We spend our days advising the companies building the physical backbone of the global economy—energy producers, power developers, miners, midstream operators, manufacturers, and infrastructure sponsors. One issue comes up more consistently than any other, and it isn't access to capital: it's permitting.

The concern is not confined to one region or political camp. We hear it from sponsors and investors, utilities and system operators, labor and local leaders, landowners, community groups, and public agencies.

What we see

Across sectors, the biggest issue is whether projects can reach a final, durable decision on a schedule that investors, communities, and supply chains can plan around.

Grid connection queues in the UK and Germany can now stretch a decade or more, and major project timelines in Canada and Australia have lengthened materially over the past five years. New generation and storage projects are routinely delayed by reviews, interconnection studies, and sequencing across agencies, meaning capacity that could be built is stuck in process even when capital and technology are ready.

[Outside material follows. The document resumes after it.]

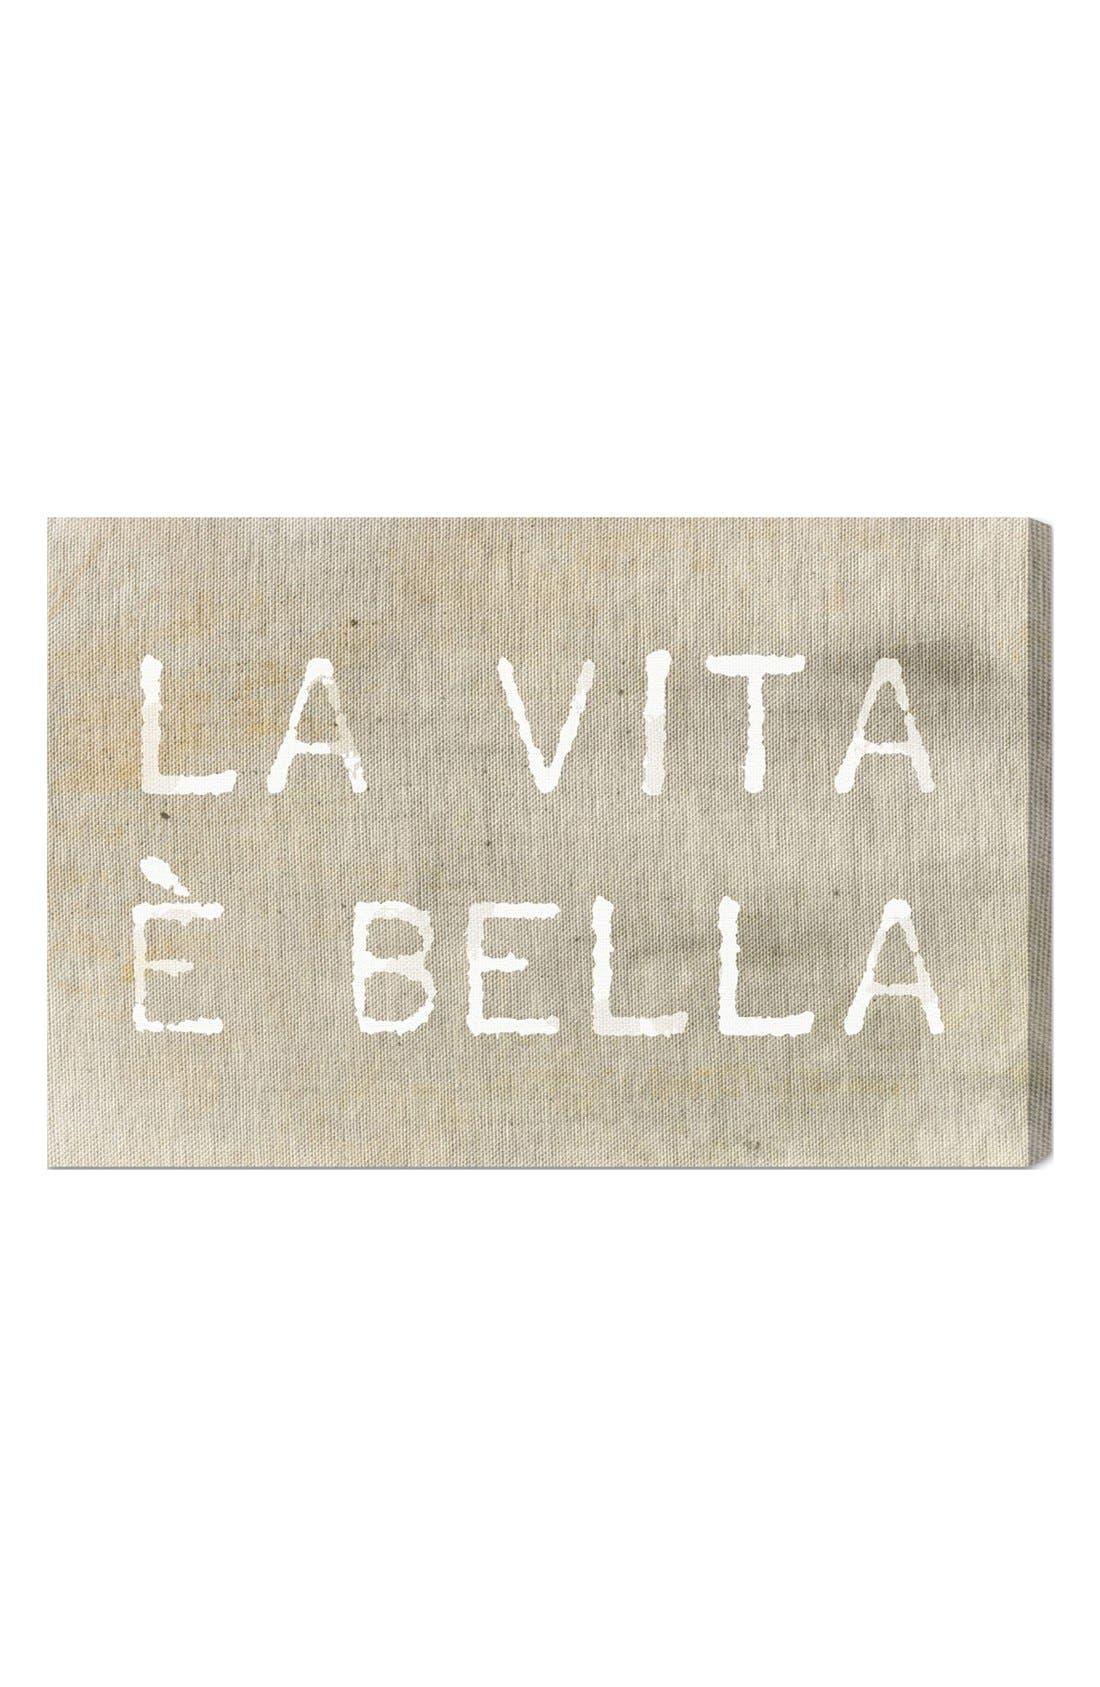 'La Vita È Bella' Wall Art,                             Main thumbnail 1, color,                             Beige/ Khaki

The constraint is most acute in the United States, where shifting permitting requirements across jurisdictions compounds costs, erodes stakeholder support, and can stall otherwise viable projects.

A new report from the National Association of Manufacturers puts the annual cost to U.S. manufacturers at $7.9 billion in lost revenue, legal expenses, and delayed project initiation. McKinsey estimates that major U.S. projects now take 4–5 years to permit, holding up roughly $1.1–$1.5 trillion in infrastructure investment.

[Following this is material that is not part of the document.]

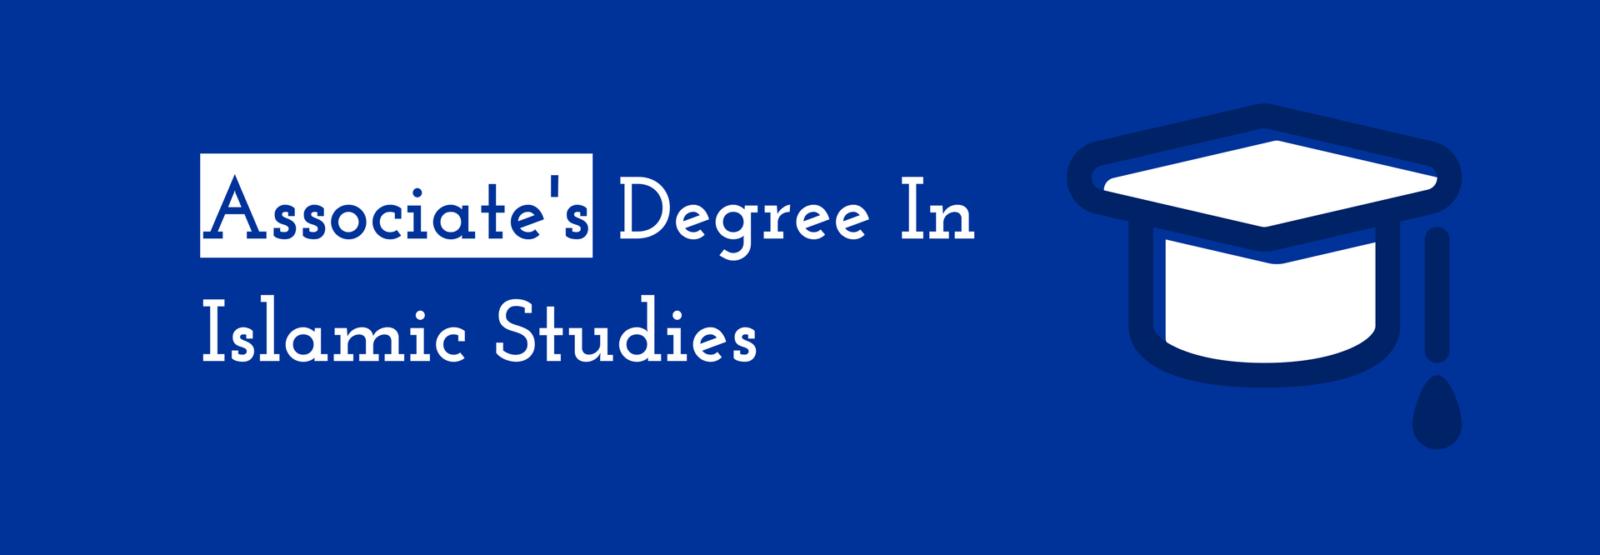 Associate's Degree In Islamic Studies

These figures represent generation capacity not coming online, grid upgrades not being delivered, and industrial facilities not being built. All of these inefficiencies show up as higher costs, tighter supply, and reduced resilience when needs are skyrocketing.

Our view

The case for permitting reform in the U.S. is about modernization, not deregulation: predictable timelines, durable decisions, and less duplication – while preserving appropriate safety standards, environmental safeguards, and community benefits. When the process itself becomes the primary source of risk, that uncertainty shows up in financing terms, hurdle rates, and final investment decisions, sometimes tipping the balance toward projects abroad.

There is also growing demand for broad, durable bipartisan legislation that can support a wide range of permitted projects and that can outlast election cycles, so multi-year projects aren’t forced to reprice, redesign, or restart. Capital formation and long-term societal planning both depend on rules stable enough for multi-year investments, community benefit negotiations, workforce development, and supply-chain buildout to hold together.

The connection is clear: when permitting works, capital moves quickly into productive assets. When it doesn't, projects stall, costs rise, and the United States cedes ground in industries where leadership is not optional.

Jonathan Cox, Jennifer Dooly and James Janoskey

Our stake

JPMorganChase finances and advises clients building tangible infrastructure and industry worldwide such as grid upgrades, domestic manufacturing, critical minerals, semiconductors, and energy infrastructure.

The firm's Security and Resiliency Initiative reflects a particular focus on the United States: a $1.5 trillion, 10-year plan including an initial $10 billion in direct equity investments in U.S.-based companies strengthening energy independence, advanced manufacturing, and infrastructure.

The connection is clear: when permitting works, capital moves quickly into productive assets. When it doesn't, projects stall, costs rise, and the United States cedes ground in industries where leadership is not optional.

Critical components for permitting reform in the U.S.

First, permitting should be timely and predictable by design, including the use of enforceable schedules, concurrent rather than sequential reviews, and digital workflows. The European Commission's European Grids Package illustrates what this could look like at scale: harmonized deadlines (e.g., two years to grant permits for new transmission and distribution), a centralized national digital portal, and narrower reviews for upgrades or repowering where risk is well understood.

Second, judicial review must remain a safeguard but deliver decisions on a timeline that matches economic reality. Today, even unsuccessful challenges add years and function as a financing premium on nationally important projects. Tighter statutes of limitation, accelerated judicial review, and standing limited to substantive participants could preserve accountability while reducing investment-deterring uncertainty, an idea with strong bipartisan support.

Third, government coordination and capacity should be treated as core infrastructure. Several states have shown that creating a clearer ‘front door,’ with centralized coordination and defined accountability, can significantly reduce timeline risk without compromising standards. A recent Western Governors’ Association initiative points in this same direction, launching a Permitting Alignment and Coordination Task Force that aims to improve state and federal level coordination by creating a governor-led framework to align permitting processes, resolve interstate bottlenecks, and advance multi-state priority infrastructure projects more efficiently.

The bottom line

The United States can build faster without cutting corners. Our clients are ready to deploy capital into projects that expand capacity, lower costs, strengthen supply chains, and create jobs. Capital is global, and the window to secure America's share is narrower than it seems.

We will keep supporting our clients and engaging constructively with policymakers to help deliver a permitting system that is modern, accountable, and built for the scale of what this country needs to accomplish.